Multiple event analysis

The CorrelationHistogram

A correlation histogram is 2-dimensional histogram computed by forming ion pairs of a particular (or all) multiplicity and computing the histogram of ion 1 vs ion 2 of all ion pairs. In experiments with large fraction of multiple events these histograms can elucidate the presence of some multiple event related phenomena that can introduce some aberrations into the mass analysis (such as molecular dissociation, generation of neutrals, or post-field ionization).

Important

Just because there are no dissociation tracks present in a correlation histogram does not necessarily mean that the phenomenon does not occur. In an APT instrument using an energy-compensating reflectron, dissociation may still occur (even in large quantities). The kinetic-energy correcting nature of the reflectron may not show these details.

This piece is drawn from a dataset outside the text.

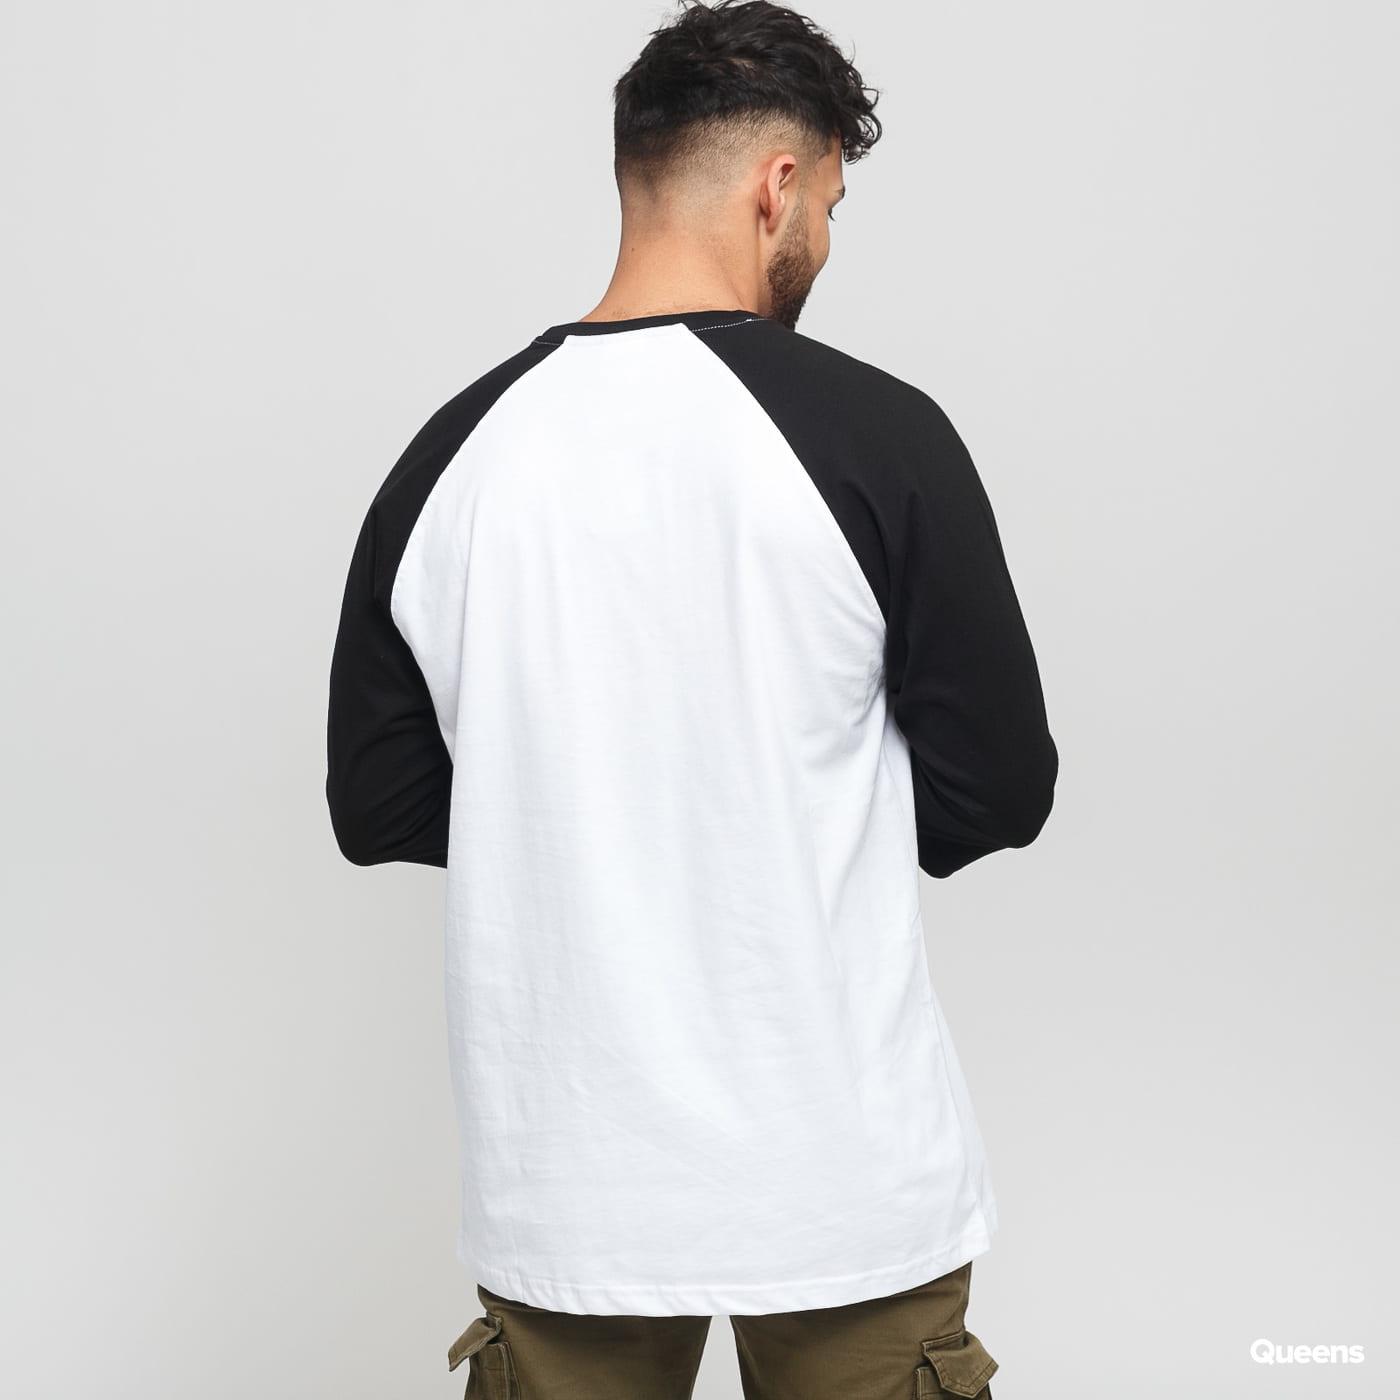 Urban Classics Contrast 3/4 Sleeve Raglan biele / čierne

A basic correlation histogram can be computed by:

>>> from apav import Roi
>>> from apav.analysis import CorrelationHistogram
>>> roi = Roi.from_epos("/path/to/data.epos")
>>> corr = CorrelationHistogram(roi)

The raw histogram can be retrieved via

>>> corr.histogram
array([[ 4.,  2.,  1., ...,  4.,  3.,  2.],
   [ 5.,  5.,  0., ...,  3.,  0.,  2.],
   [ 4.,  3.,  3., ...,  3.,  1.,  4.],
   ...,
   [ 0.,  0.,  0., ...,  5.,  4.,  9.],
   [ 0.,  0.,  0., ...,  6.,  4., 10.],
   [ 0.,  0.,  0., ...,  4.,  3.,  3.]])

The MultipleEventExtractor instance responsible for computing the ion pairs can be accessed with:

>>> corr.event_extractor
<apav.core.multipleevent.MultipleEventExtractor at 0x20bd5e62208>

Save the raw histogram using:

>>> corr.export("/path/to/outpu.csv")

More details and arguments can be seen in the CorrelationHistogram API reference. A more detailed example. This computes and plots a correlation histogram for the GBCO experiment. It is computed for ion 1 between 60-75 Da and ion 2 from 60-100 Da:

>>> # APAV imports
>>> from apav import Roi
>>> from apav.analysis import CorrelationHistogram

>>> # matplotlib imports
>>> import matplotlib.pyplot as plt
>>> from matplotlib.colors import LogNorm
>>> from itertools import chain

>>> # Load the Roi and compute the correlation histogram
>>> roi = Roi.from_epos("GBCO.epos")
>>> corr = CorrelationHistogram(roi, extents=((60, 75), (60, 100)))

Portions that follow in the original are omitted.